Nestlé India has reduced the quantity of its flagship Maggi instant noodles across several pack sizes while retaining their maximum retail prices (MRPs). This move aimed at managing rising input costs without burdening consumers with direct price hikes.
The grammage cuts, ranging from 7% to 9%, come amid higher prices of palm oil and packaging materials, highlighting the growing cost pressures facing India's fast-moving consumer goods (FMCG) sector.
The strategy, often referred to as "shrinkflation," allows companies to preserve affordability by reducing product quantity instead of increasing prices.
Distributor checks indicate that Nestlé India has revised the weight of nearly its entire Maggi portfolio.
The ₹7 pack has been reduced from 35 grams to 32 grams, while the ₹10 pack now contains 48 grams, down from 52 grams. Similarly, the ₹15 pack has been cut from 75 grams to 70 grams.
Larger packs have also been resized. The ₹30 pack has been reduced from 150 grams to 140 grams, the ₹60 pack from 300 grams to 280 grams, the ₹90 pack from 450 grams to 420 grams, and the ₹120 pack from 600 grams to 560 grams. Except for the smallest SKU, most packs have seen a reduction of around 7%.
The move comes as FMCG manufacturers grapple with rising raw material costs, particularly for palm oil and packaging materials, which have put pressure on profit margins.
Instead of implementing outright price increases, companies are increasingly opting for smaller pack sizes to maintain key price points, especially in value-conscious segments where even modest price hikes can affect consumer demand.
Maggi continues to be one of Nestlé India's largest and most profitable brands. Industry estimates suggest the instant noodles franchise contributes nearly 25% of the company's revenue while generating EBITDA margins of around 25%, making it a critical earnings driver.

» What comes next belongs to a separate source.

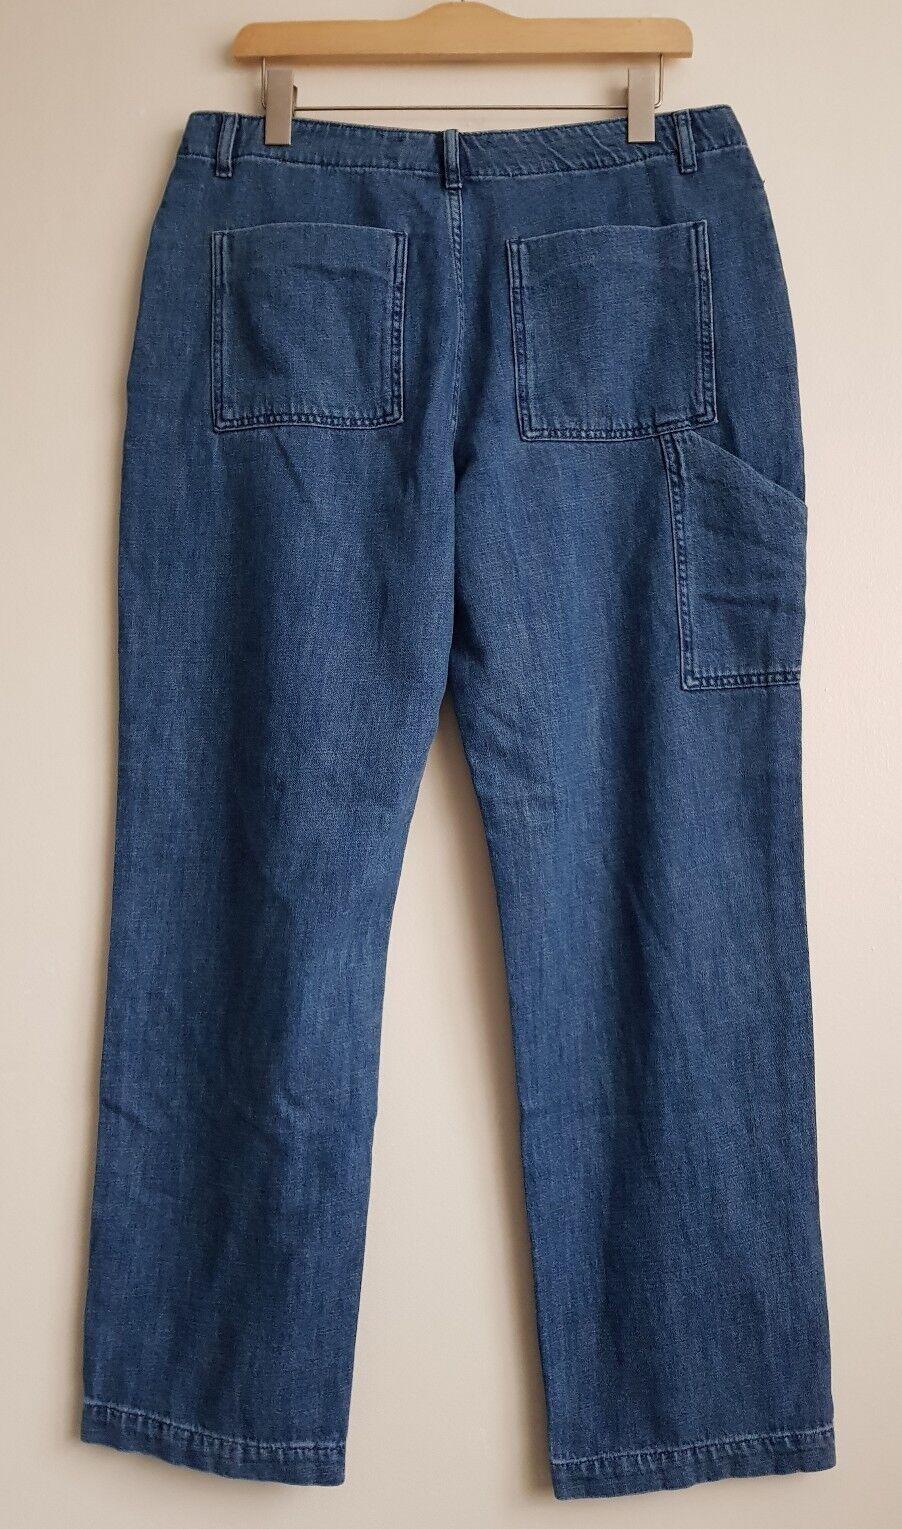 Bethnals Carpenter Unisex Jeans Jeans Jeans W36 L32 042227

Nestlé India's decision to reduce Maggi pack sizes underscores the inflationary challenges confronting FMCG companies. By adopting shrinkflation instead of raising retail prices, the company aims to protect affordability while safeguarding margins. As commodity costs remain elevated, similar strategies could continue to shape pricing decisions across the consumer goods industry.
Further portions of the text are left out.